FIRST ISSUE: POSITION UNDER THE PREVIOUS REGIME
36 The development for which consent was sought in this case did not fall within par.(a), par.(c) or par.(d) of s.76A(7) of the EPA Act, and so it could be State significant development only if it fell within par.(b) of s.76A(7), this requiring satisfaction of all three sub-paragraphs (i), (ii) and (iii).
37 Satisfaction of sub-paragraphs (ii) and (iii) could be supported by the 3 September 1999 declaration, while it was in force. This declaration expressed the Minister's opinion that each of the defined classes of development was of State or regional environmental significance, and declared it to be State significant development. The development in this case would come within one of the defined classes if "in the opinion of the consent authority" one of three conditions was satisfied, the relevant one here being that "the project will employ more than 20 people".

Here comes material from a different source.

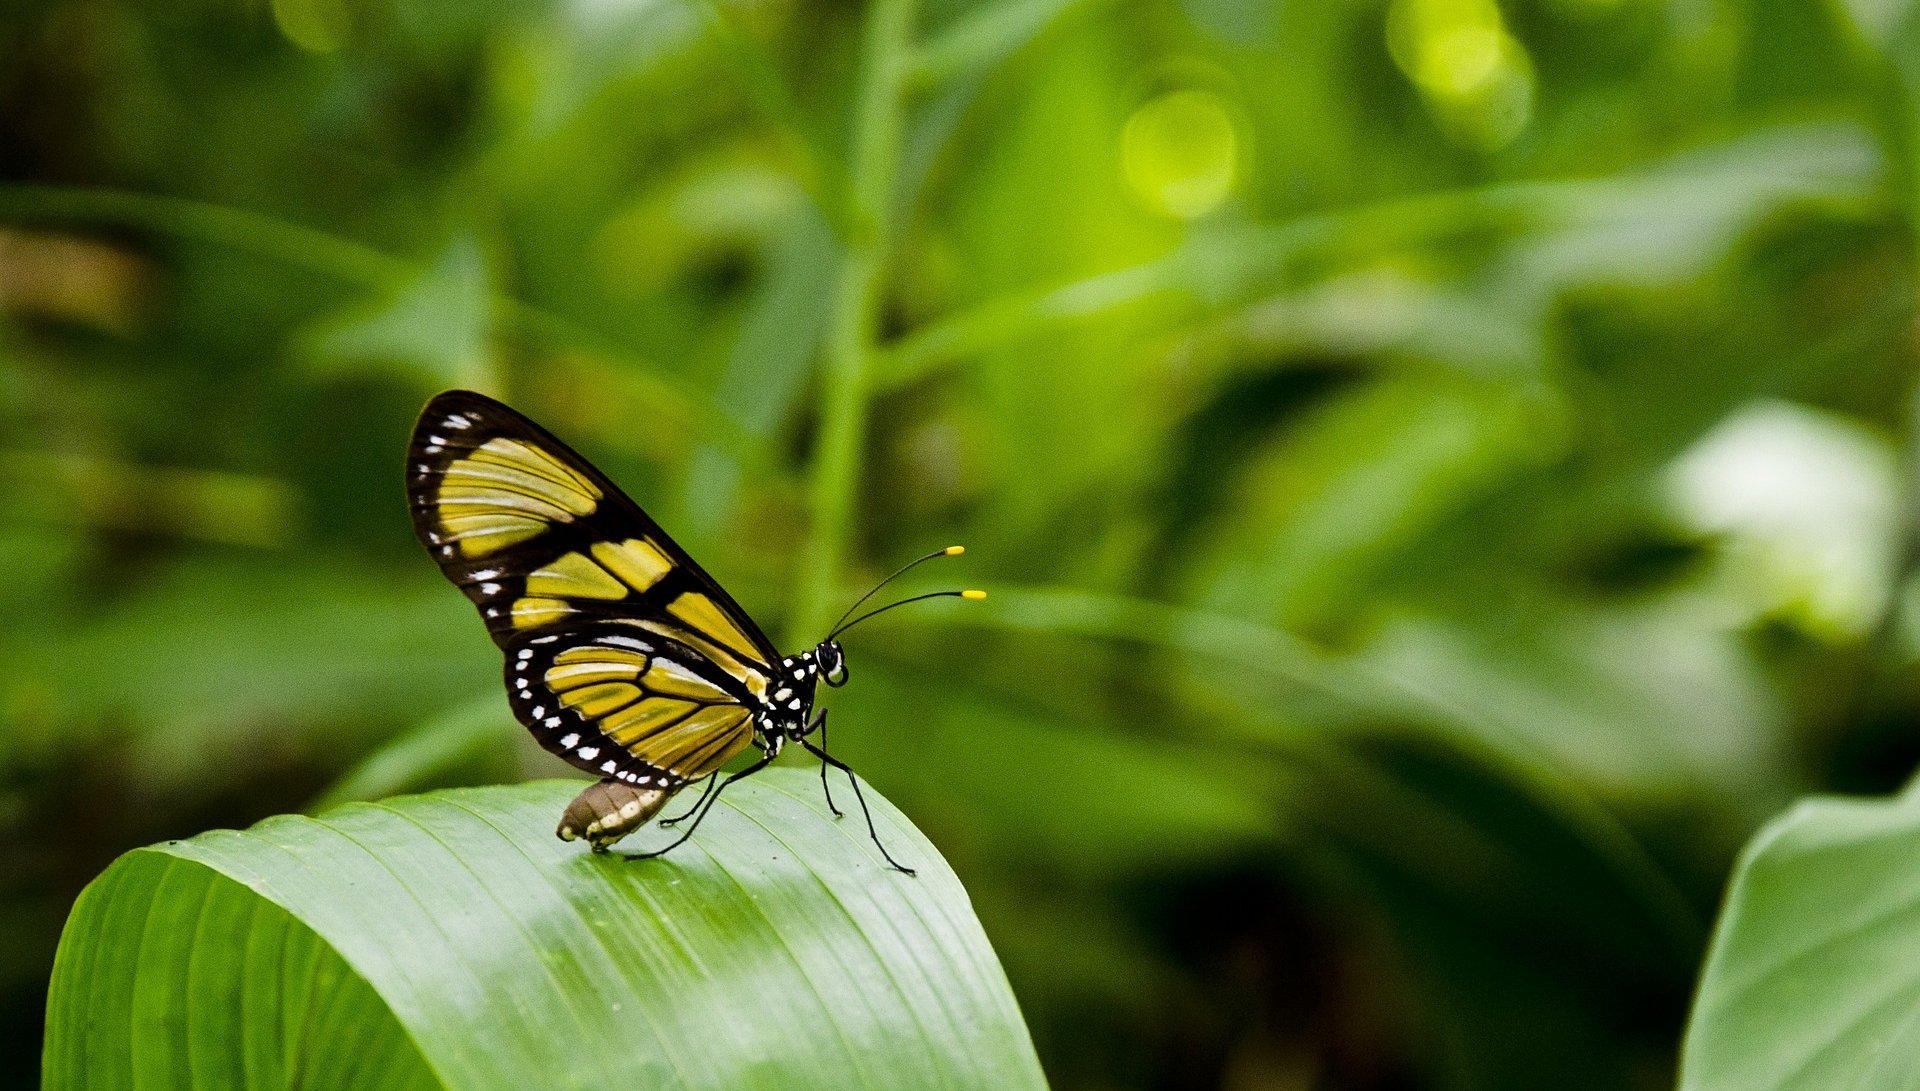 butterfly-404731_1920-aspect-ratio-95x54

38 One difficulty with this that was identified in argument was that the consent authority for this development application would not be the Minister unless the application was for State significant development; so that unless and until the consent authority formed the opinion that the project will employ more than 20 people, the application would not be for State significant development, and the consent authority would be the local authority and not the Minister. Of course, if the application had been made to the local authority, and it had formed the opinion that the project will employ more than 20 people, then (assuming sub-paragraph (i) of s.76A(7) was also satisfied) that opinion (if effectual) would have the result that the local authority was not the consent authority; so that this opinion would then be made ineffectual, giving rise to a contradiction. And there would still be the need for an opinion by the entity that was in truth the consent authority.
39 In my opinion, the better view is that an application for a development on a scale that would employ more than 20 people and that otherwise satisfied the requirements for State significant development should be made to the Minister; and so long as the Minister forms the opinion that the project will employ more than 20 people, then it may be taken that the Minister is the consent authority, so that this opinion is the requisite opinion. This might be considered a boot-straps exercise, but it involves no contradiction; and in my opinion it must be what was intended by the declaration.

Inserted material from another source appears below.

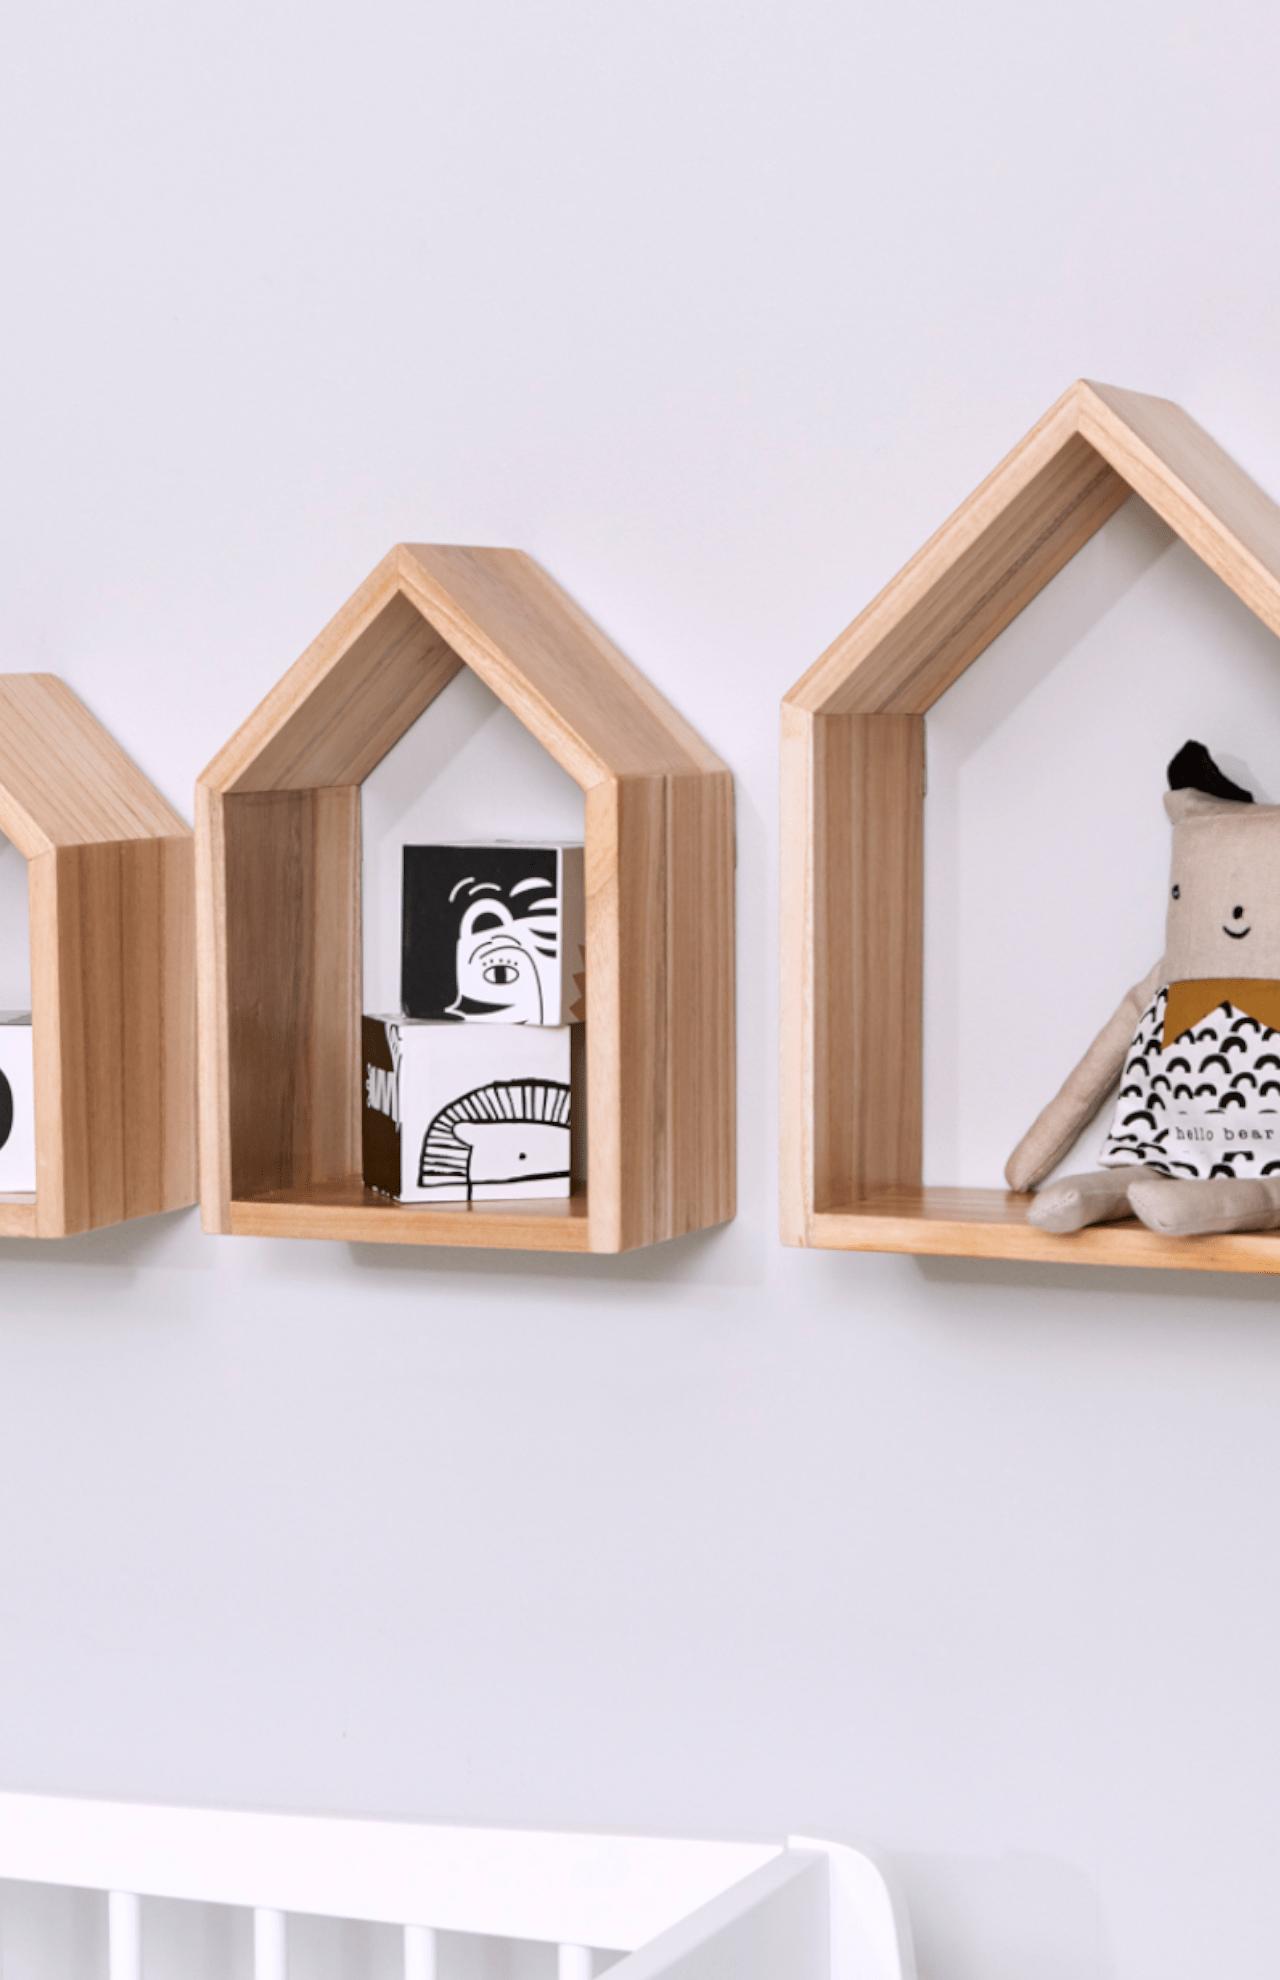 Kids Bedroom House Shaped Shelf Or Wooden House Shelf Nursery Shelf House Shelves Nursery Shelves Shelves

40 The same result could also perhaps be reached on the basis that the application is for something identified as and potentially satisfying all the requirements of State significant development, for which the consent authority is the Minister; so that the Minister is "the consent authority" for the purposes of any opinion necessary in order that the development in fact satisfy all the requirements for it to be, in the result, State significant development.
41 The main focus of the primary judge's decision and the respondent's submissions was sub-paragraph (i).
42 Mr. Robertson SC for Gales submitted that the application was for a development which did not meet the site and operational requirements for that development, in that the development was not within rural and industrial zones, so that the development was prohibited. It was not possible, he submitted, to regard part of the development as permissible with consent, because the pipes and sea water intake facilities were an essential and integral part of the development.
43 In my opinion, this submission should not be accepted. While it is true that the project required both the tanks and associated structures on the one hand, and the pipes and sea water intake facilities on the other, nevertheless the application was for consent to use of land for a purpose, namely for tank-based aquaculture; and use of land in the rural zones for this purpose was permissible with consent. I see no reason for denying that, to that extent, the application was for consent to development that may be carried out with development consent, within s.76A(7)(b)(i). As pointed out by Mr. Williams SC for the Minister, this is consistent with s.80(4) and (5) of the EPA Act, which expressly provide for consent being given to part of the development for which it is sought, and consent to other parts being given at later times, and the prohibition in SEPP 62 was against the background of partial prohibition recognised in s.76A(8).
44 Plainly the application was for consent to development for an aquaculture industry project capable of satisfying the requirements of the 3 September 1999 declaration; so the development for which consent was sought was, subject to the formation of the requisite opinion and to the extent that it was on land in rural zones, State significant development within s.76A(7)(b). The other development comprised in the project, namely the pipes and sea water intake facility, is then taken to be State significant development by reason of s.76A(8)(a); and s.76A(8)(c) then has the effect that it too can be carried out with consent. Accordingly, I would decide this issue favourably to the appellants.
45 Mr. Williams also advanced an alternative submission that the whole of the proposed development was permissible with consent, because the site requirements limited to rural and industrial zones in SEPP 62 related only to the site of the tanks and associated structures, not to the pipes and sea water intake facilities which, according to cl.7 of Schedule 1 to SEPP 62, could be outside such zones. It is not necessary to consider this question.